| TASK DETAILS |
Reproduce the listing exactly and skip over any pictures.

| INFORMATION SHOWN |
- Opening Delimiter -

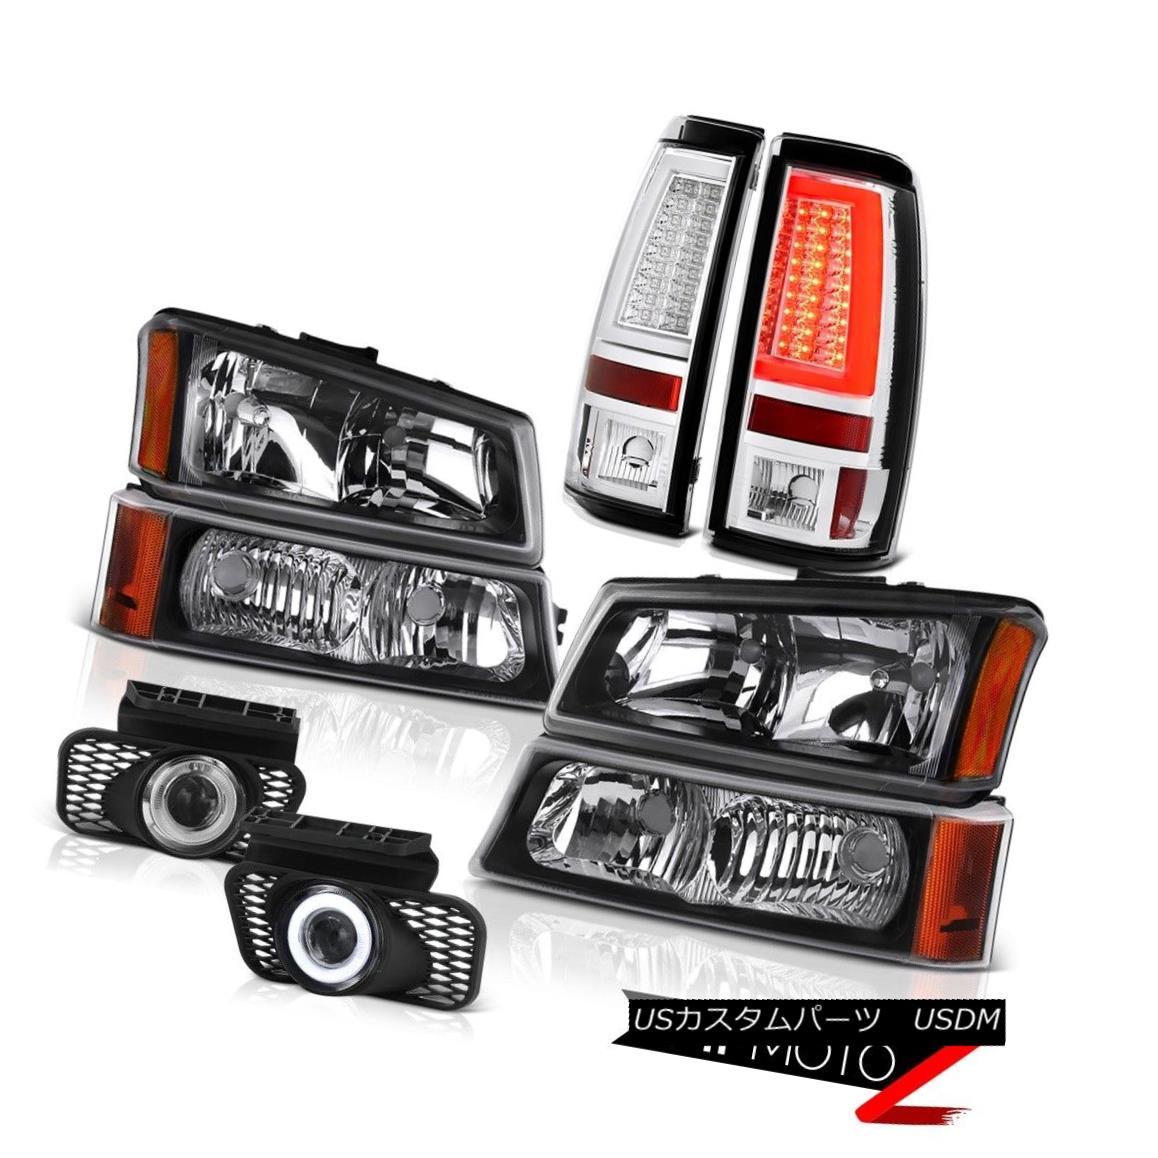 テールライト 03 04 05 06 Chevy Silverado Tail Lamps Headlights Foglamps Projector Assembly 03 04 05 06 Chevy Silveradoテールランプヘッドライトフォグランププロジェクタアセンブリ
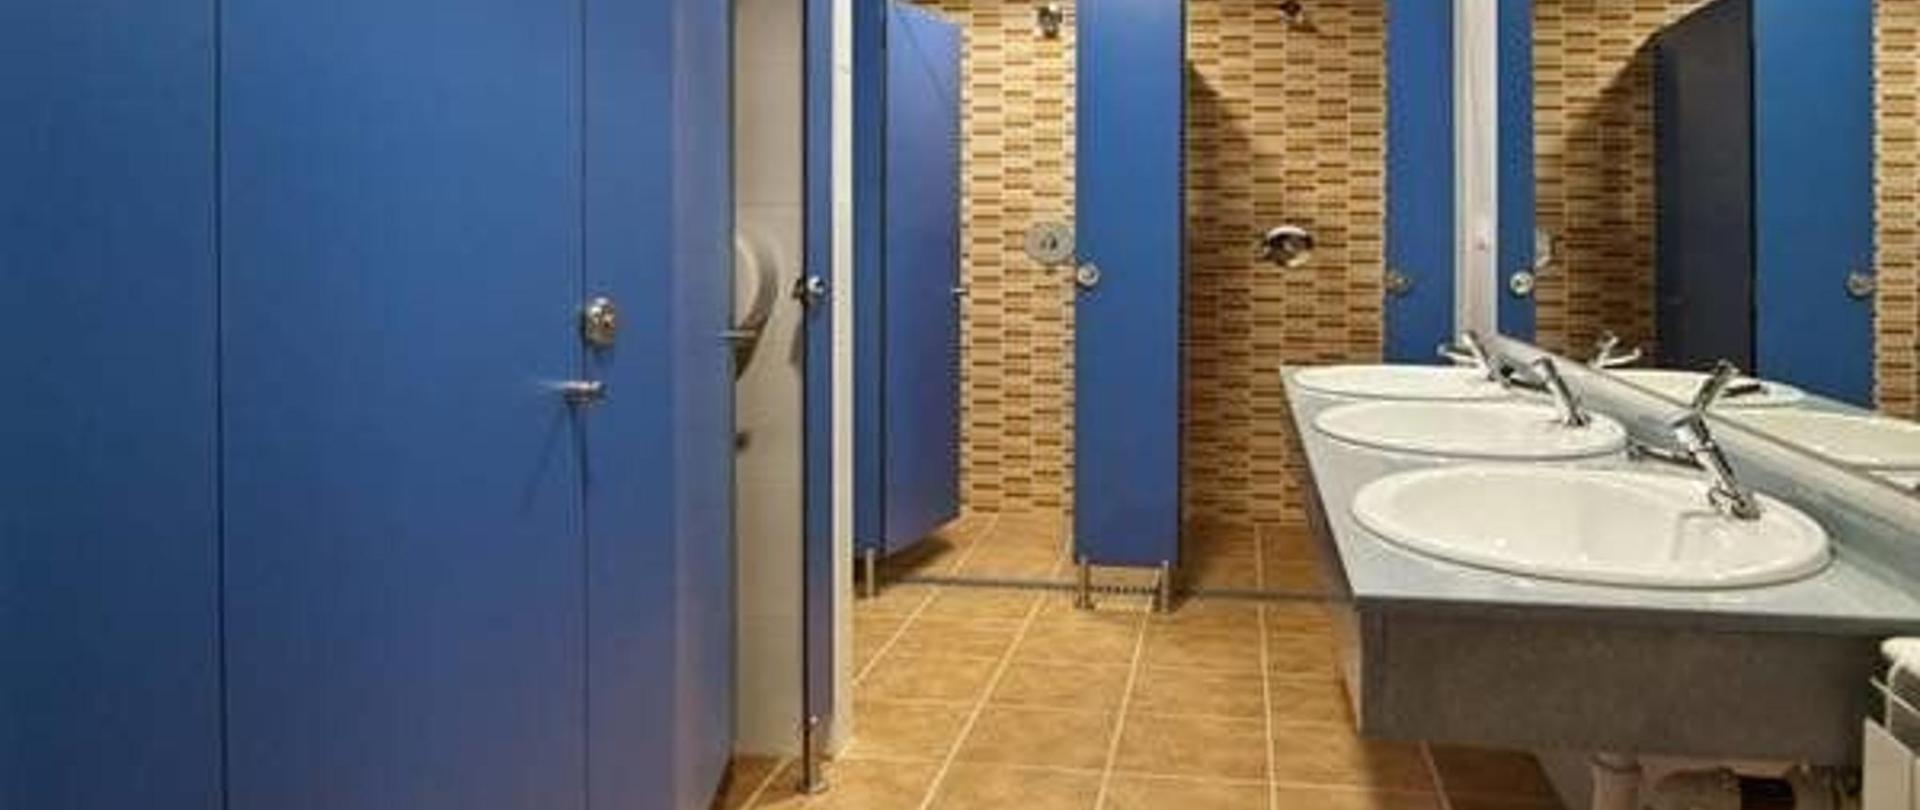 Baños comunes.jpg
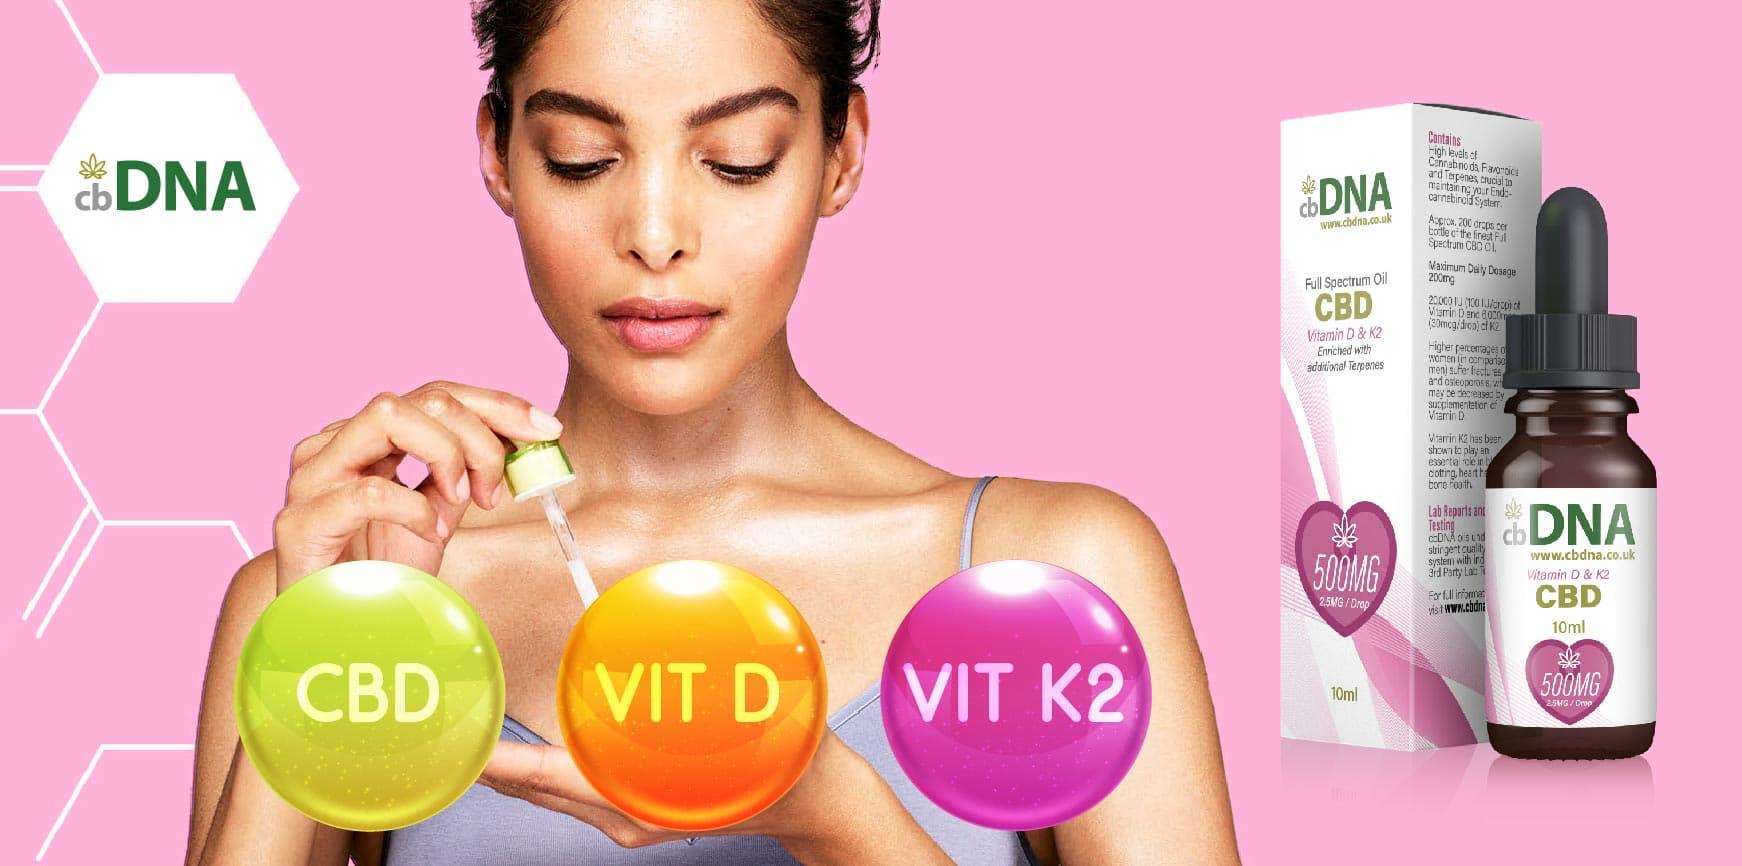 cbDNA CBD Women Vitamin D Vitamin K2 20

- Closing Delimiter -

| ANSWER TO THIS TASK |
 テールライト 03 04 05 06 Chevy Silverado Tail Lamps Headlights Foglamps Projector Assembly 03 04 05 06 Chevy Silveradoテールランプヘッドライトフォグランププロジェクタアセンブリ
 Baños comunes.jpg
 cbDNA CBD Women Vitamin D Vitamin K2 20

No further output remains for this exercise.